* Exercise description *
Write out the lines of the material below exactly, beginning at the line with "A Complete Bibliography" and stopping after the line with "CT scan of brain", and leave out the pictures.

* Exercise data *
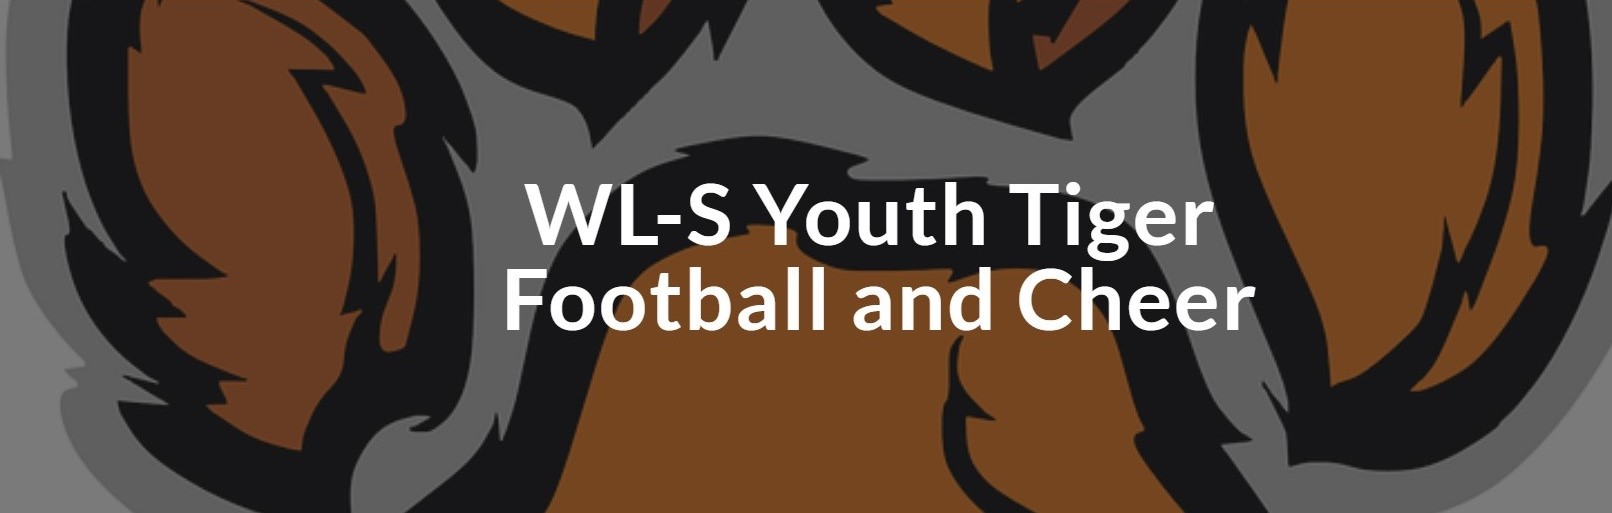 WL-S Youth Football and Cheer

* * *

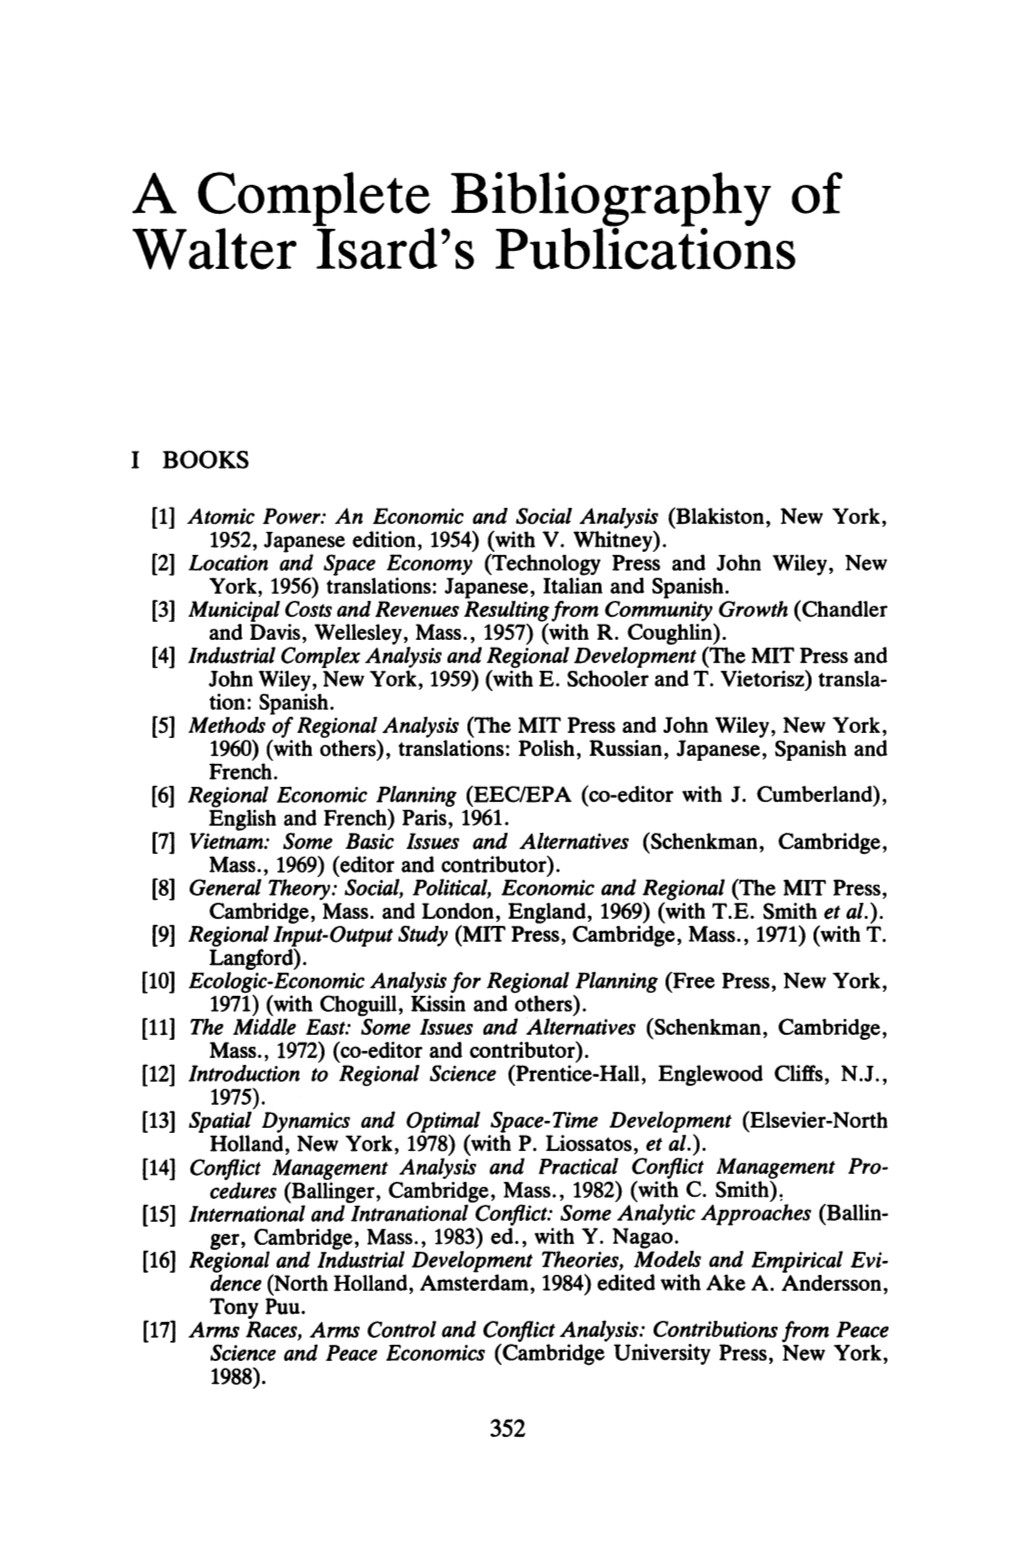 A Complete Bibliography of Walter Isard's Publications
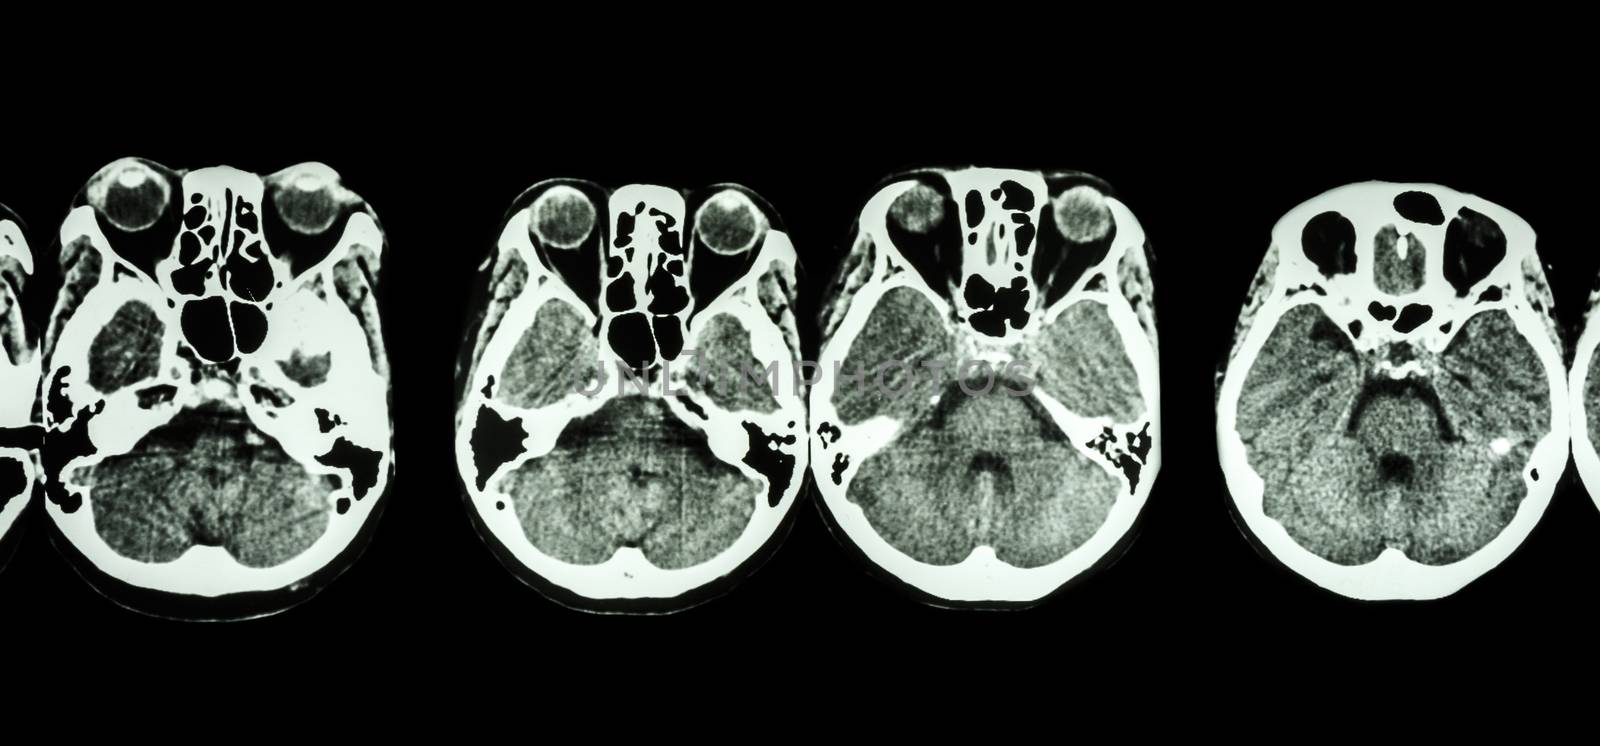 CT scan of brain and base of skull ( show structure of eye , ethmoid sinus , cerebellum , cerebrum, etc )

==

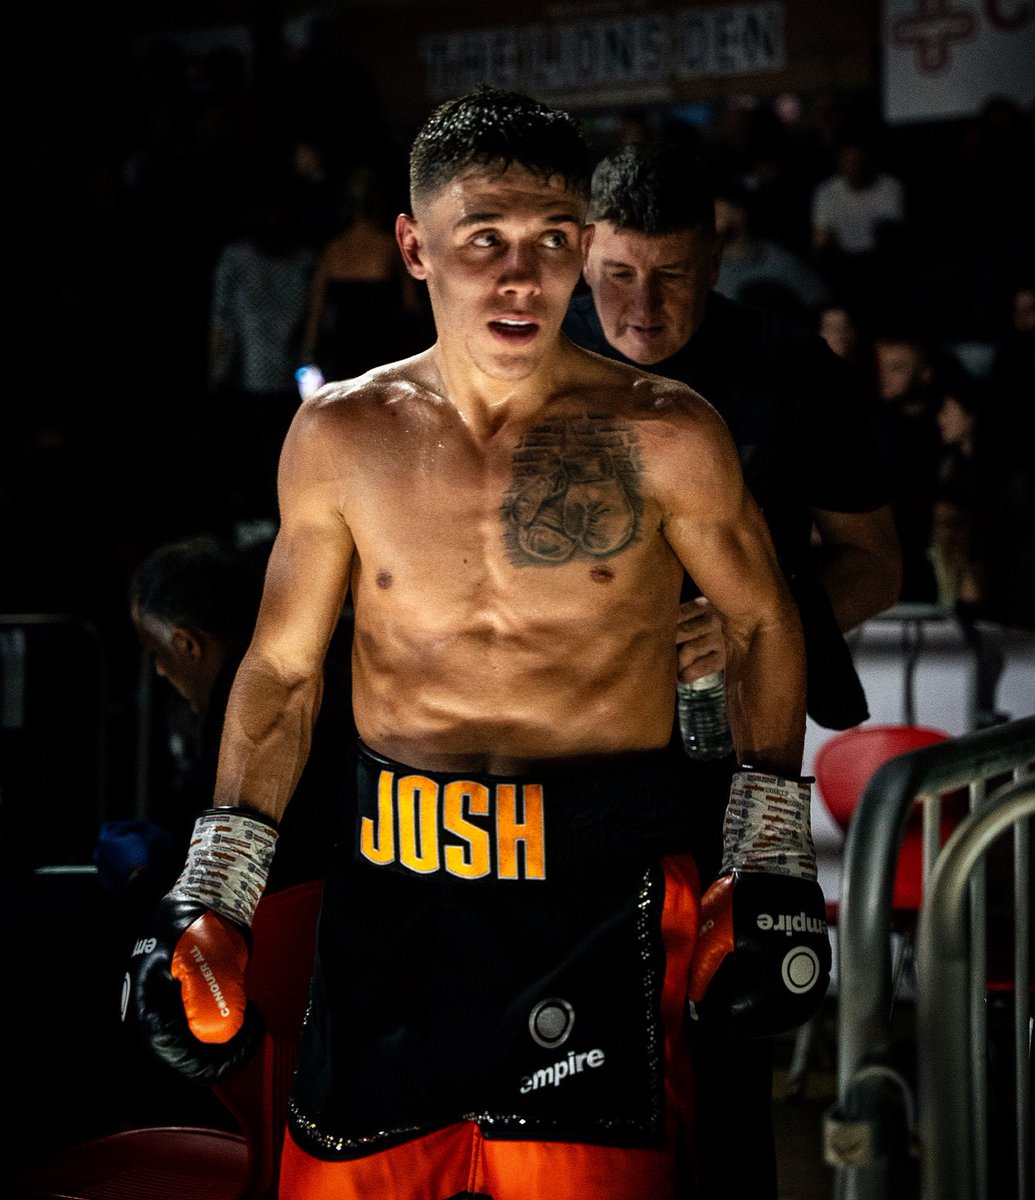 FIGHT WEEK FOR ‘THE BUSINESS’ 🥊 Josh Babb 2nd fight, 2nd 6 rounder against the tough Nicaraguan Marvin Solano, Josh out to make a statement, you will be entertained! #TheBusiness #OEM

* Result of the exercise *
 A Complete Bibliography of Walter Isard's Publications
 CT scan of brain and base of skull ( show structure of eye , ethmoid sinus , cerebellum , cerebrum, etc )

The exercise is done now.